In TrackMate, the X and Y position of a cell is stored in the feature "POSITION_X" and "POSITION_Y". But when pycellin loads a TrackMate file, these feature values are reinterpreted and stored in the node attributes "cell_x" and "cell_y".
So we have:

In [5]:
fig2 = plot_lineage_features(ab_lineage, "cell_x", "cell_y", "POSITION_T")
# Square the figure
fig2.update_xaxes(
    scaleanchor="y",
    scaleratio=1,
)

fig2.show()


This plot can be configured a lot, but is very manual.

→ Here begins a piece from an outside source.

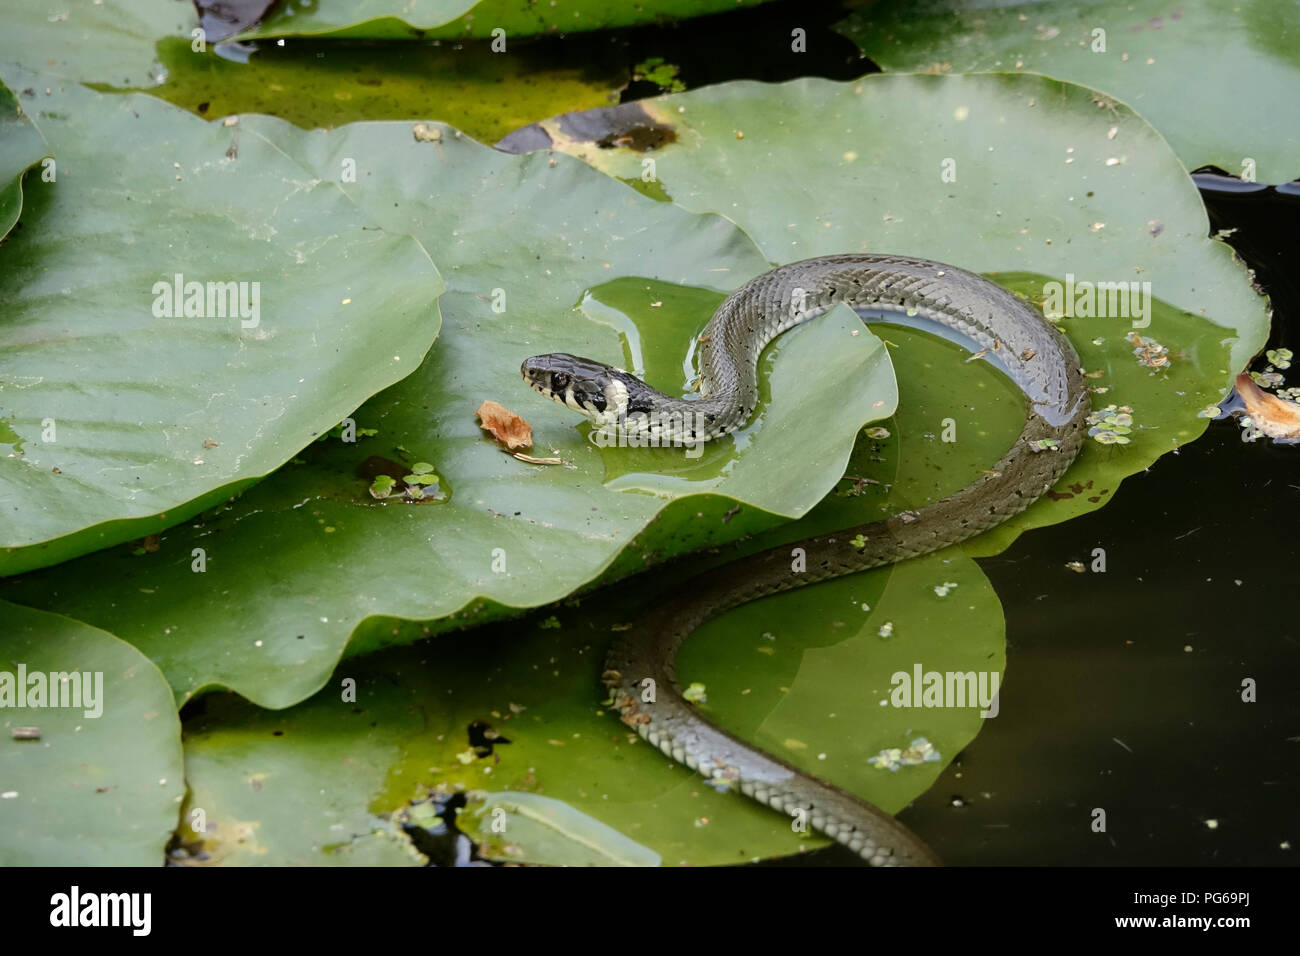 Slithering Grass Snake on lily pads in a pond Stock Photo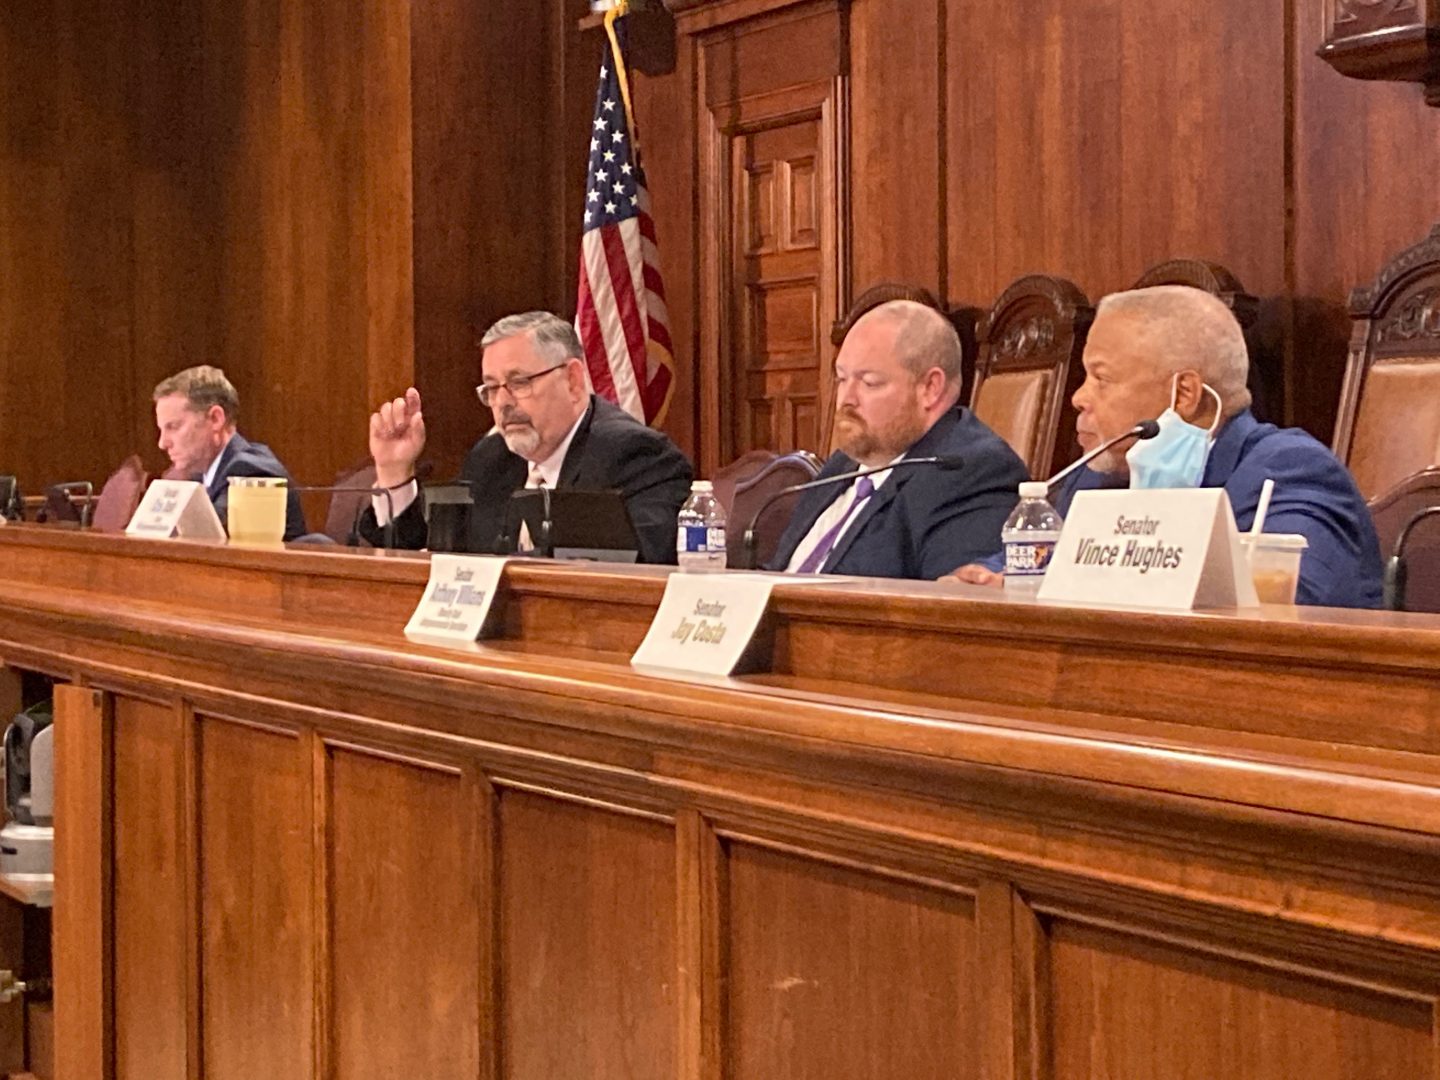 Sen. Cris Dush (R-Cameron), second from left, responds to questions raised by Sen. Anthony Williams (D-Delaware), right, during a state Senate Intergovernmental Operations Committee hearing on investigating the 2020 and 2021 elections on Sept. 9, 2021.

However, an important capability of pycellin is the ability to reshape and export the data to structure that can be used easily.
We can export the nodes of the AB lineages as a Pandas dataframe, that can be used very conveniently in ploty-express.
For instance, the plot above (minus the lines) can be obtained more simply with the following:

In [6]:
# Export all the lineages to a pandas dataframe
df = model.to_cell_dataframe()

# Filter for the AB lineage
df = df[df['lineage_ID']==ab_lineage_ID]

# Use plotly-express to create a scatter plot.
# It ships a very convenient syntax to set the color, size, position of a plot based on 
# the values of a dataframe. For instance we can plot the X,Y position of the cells, and color them
# based on the time of the cell division (POSITION_T). We can also set the size of the points
# based on the radius of the cells (RADIUS).
# Note that the dataframe is already filtered for the AB lineage.
# We can also use the name of the cells as hover name.
import plotly.express as px
fig3 = px.scatter(
    df,
    x="cell_x",
    y="cell_y",
    color="POSITION_T",
    size="RADIUS",
    hover_name="name",
    title="AB lineage cells",
    color_continuous_scale="jet",
)

# Square the figure
fig3.update_xaxes(
    scaleanchor="y",
    scaleratio=1,
)
fig3.update_layout(
        showlegend=False,
        # Transparent background:
        plot_bgcolor='rgba(0, 0, 0, 0)',
        paper_bgcolor='rgba(0, 0, 0, 0)',
    )



fig3.show()


This gives us a good impression on where do the cell move as the development progress. 
But this is just a XY view. 
We can generate an interactive 3D view by using another plotly express function:

In [7]:
fig4 = px.scatter_3d(
    df,
    x="cell_x",
    y="cell_y",
    z="cell_z",
    color="POSITION_T",
    size="RADIUS",
    hover_name="name",
    title="AB lineage cells",
    color_continuous_scale='jet',
)

# Square the figure
fig4.update_xaxes(
    scaleanchor="y",
    scaleratio=1,
)
fig4.update_layout(
        showlegend=False,
        # Transparent background:
        plot_bgcolor='rgba(0, 0, 0, 0)',
        paper_bgcolor='rgba(0, 0, 0, 0)',
    )

fig4.show()

This should be adapted to your needs, and will facilitate exploring lineage data.
In particular, this can be combined with the ability of pycellin to quickly augment a model with new feature definitions.